Rural locality in Odesa Oblast, Ukraine

Shabo (Шабо; Șaba-Târg or Șaba) is a village of Bilhorod-Dnistrovskyi Raion, Odesa Oblast, Ukraine, situated at the Dniester Liman, some 7 km downstream of Bilhorod-Dnistrovskyi. It hosts the administration of Shabo rural hromada, one of the hromadas of Ukraine.

== History ==

A Tatar village was established c. 1500, called Acha-abag "the lower vineyards" (attested 1788). The name was subsequently simplified to Shabag and finally to Shaba / Shabo. After the conquest of Bessarabia by the Russian Empire and its annexation by Russia in 1812, the region suffered a population drain to the Ottoman Empire. Shabo in 1812 had been deserted by all but three or four Moldavian families.
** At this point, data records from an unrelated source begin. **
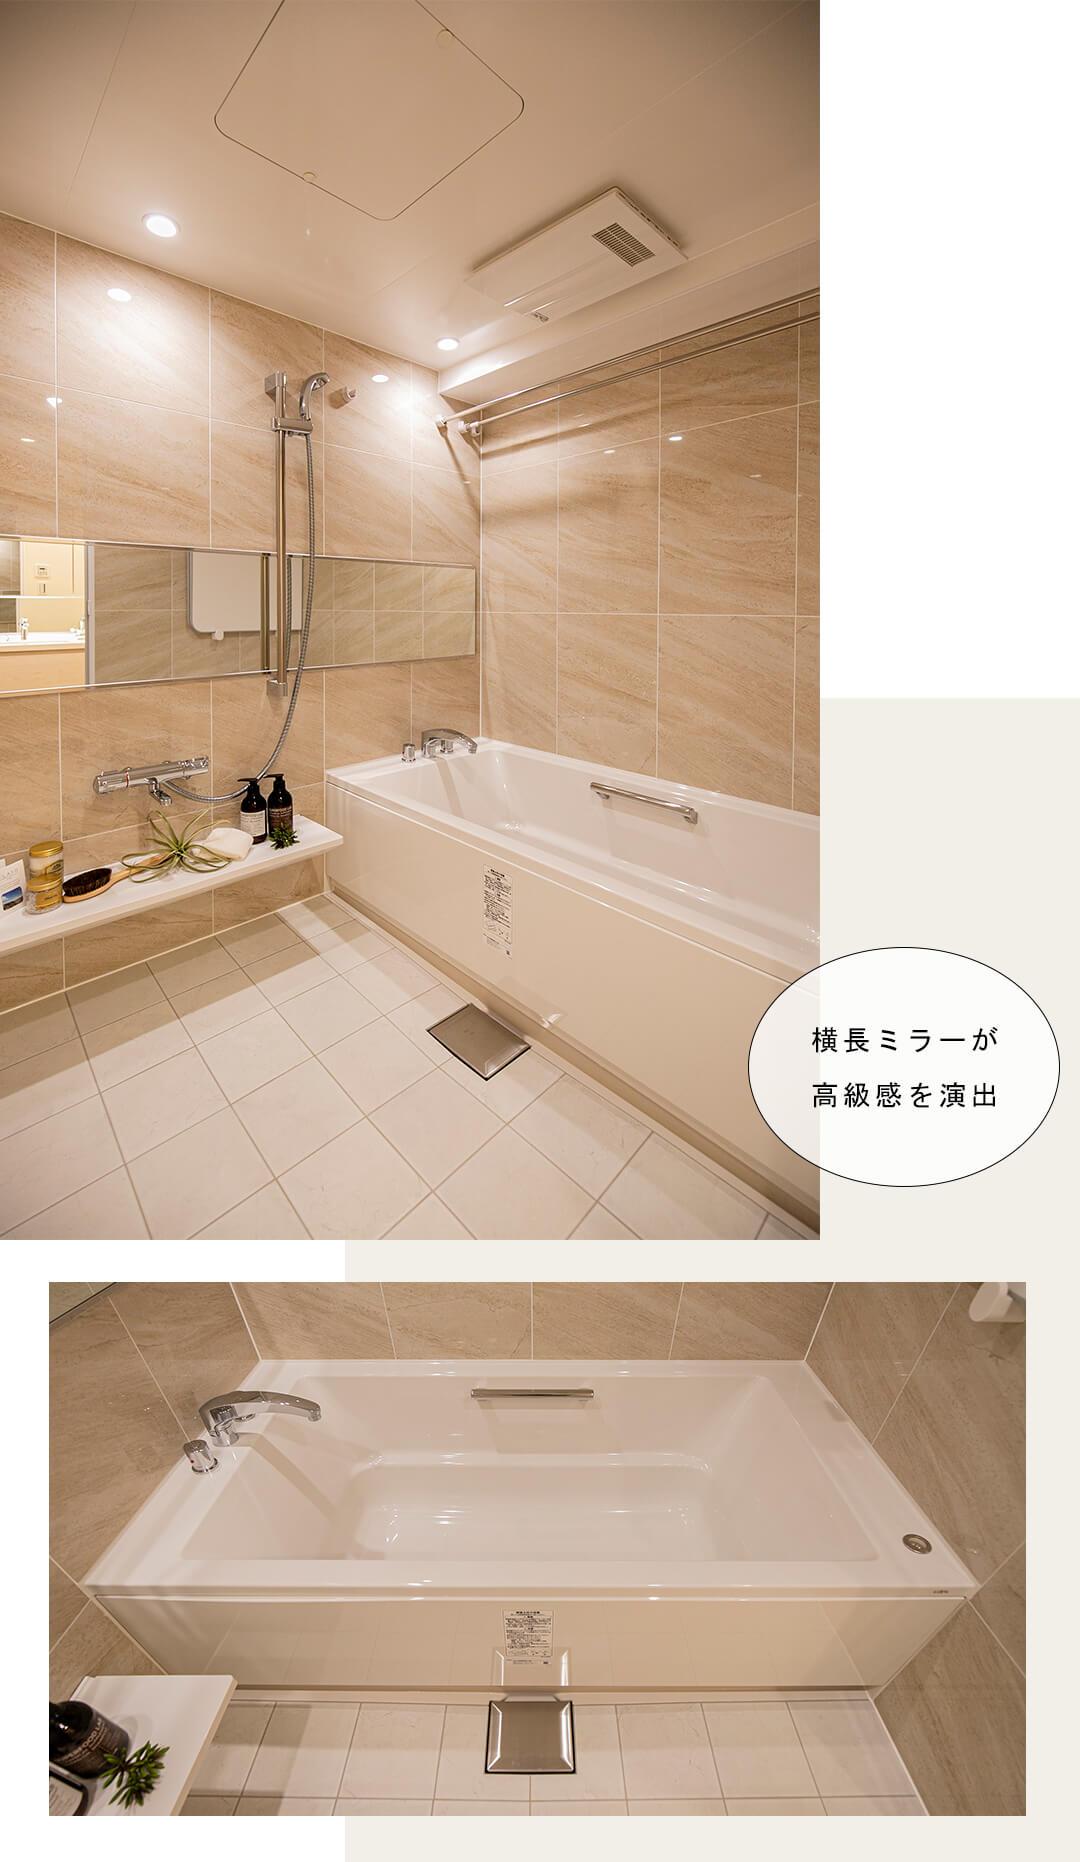 南青山スカイハイツの浴室
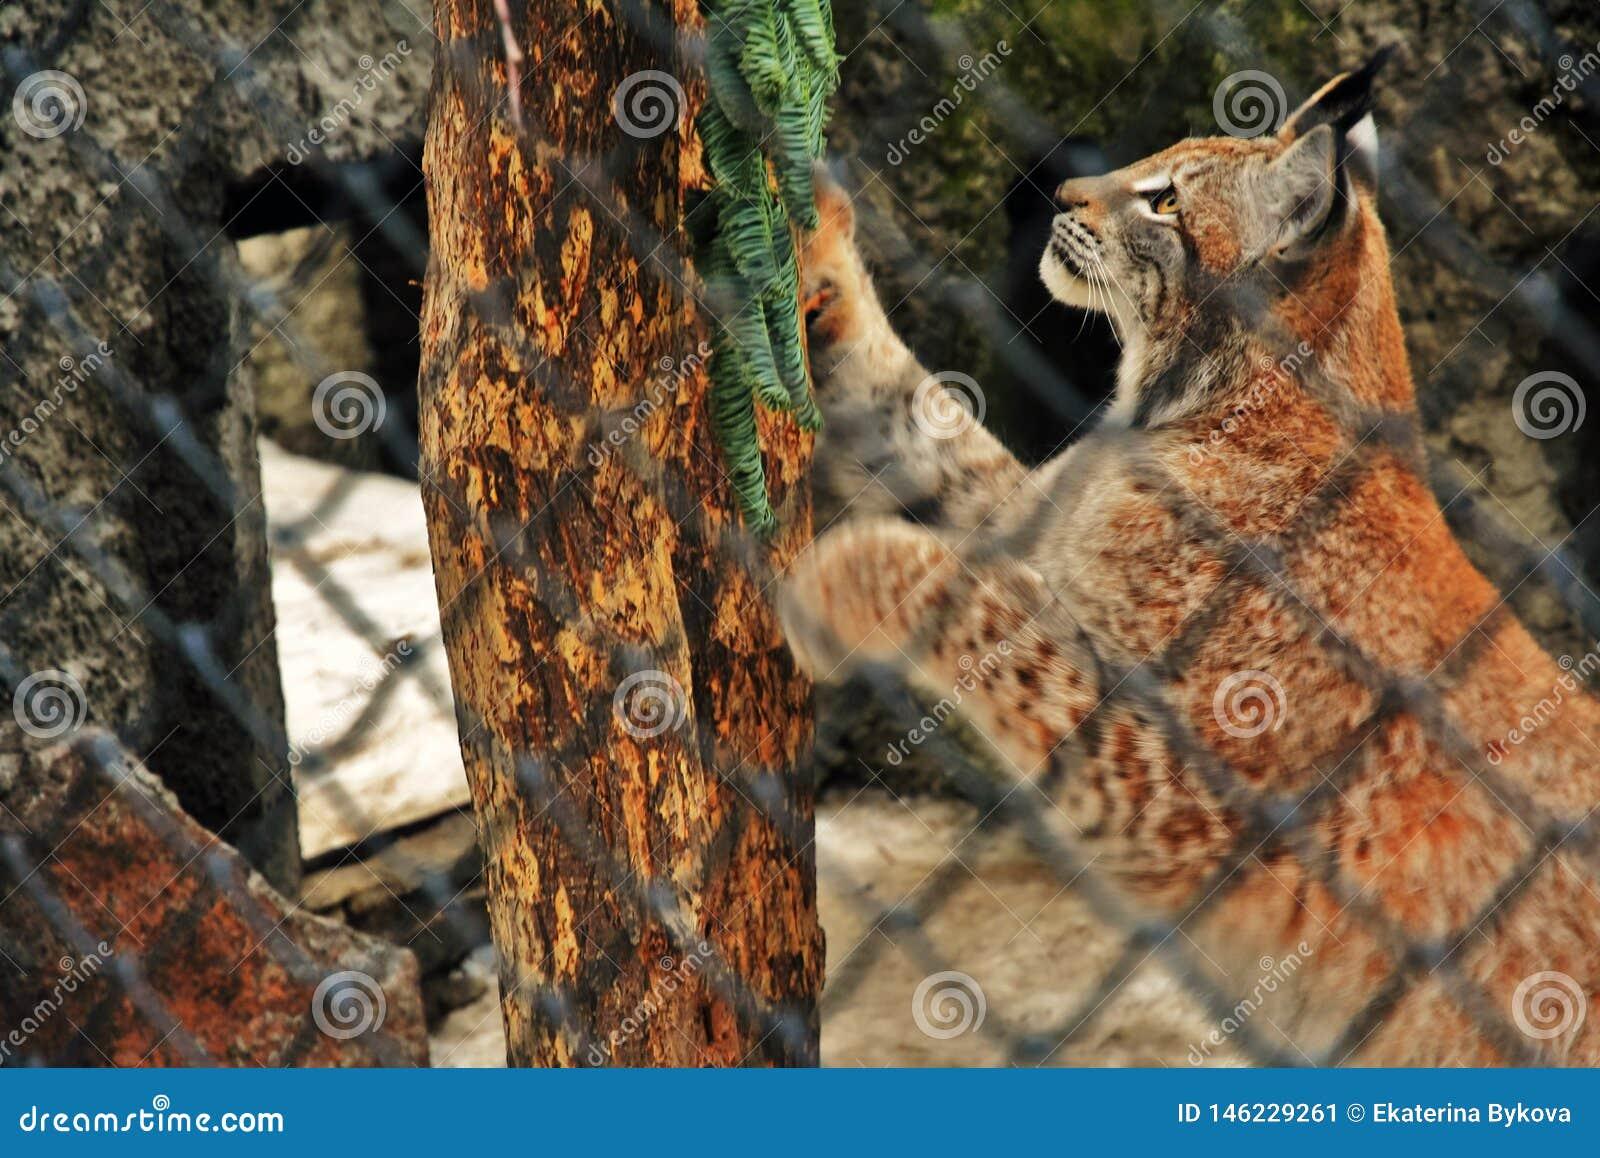 Les lyns d un lynx essaye de s élever sur un arbre et d échapper à la cage
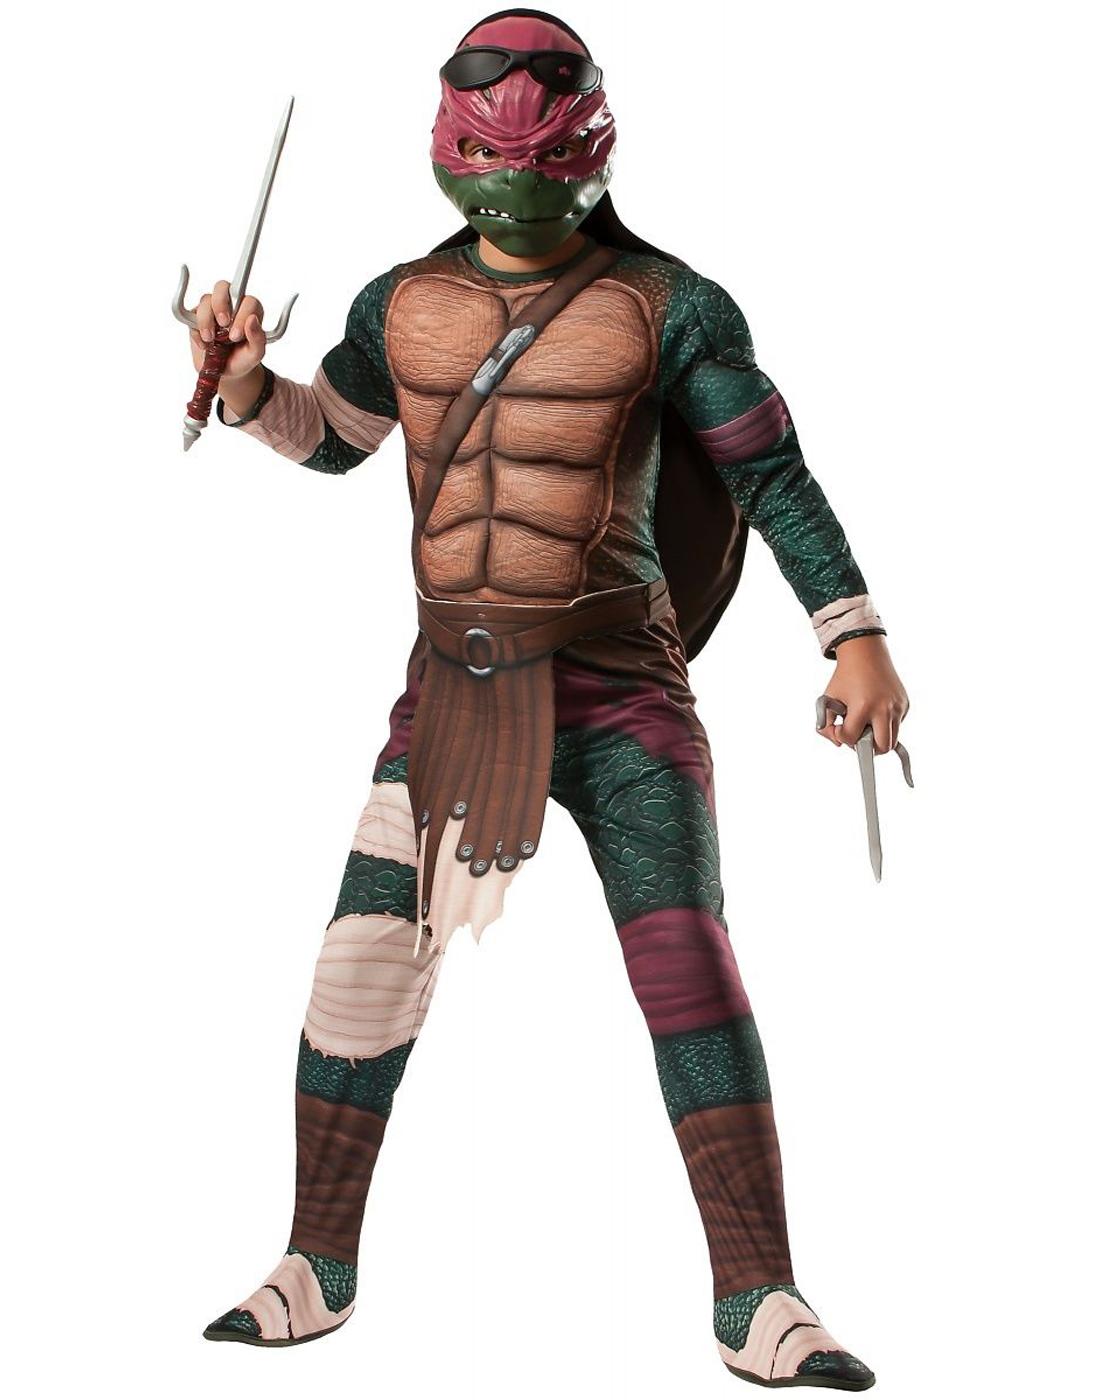 Rubie's Costume Co Teenage Mutant Ninja Turtles Raphael Boys Kids Child Halloween Costume S-L at Sears.com

Emperor Alexander I decided to re-populate the region, in 1822 inviting Swiss settlers from Vaud, led by Louis-Vincent Tardent, to cultivate vineyards at Shabo. The descendants of these settlers inhabit Shabo to the present day, and Shabo wine remains famous for its quality.

In 1889, the village Osnovy was founded in what is now southern Ukraine by settlers from Shabo. Osnovy became a significant grape plantation and winemaking site, where the wine was exported through the port of Brytany (present-day Dnipriany). Osnovy eventually merged into Dnipriany in 1957.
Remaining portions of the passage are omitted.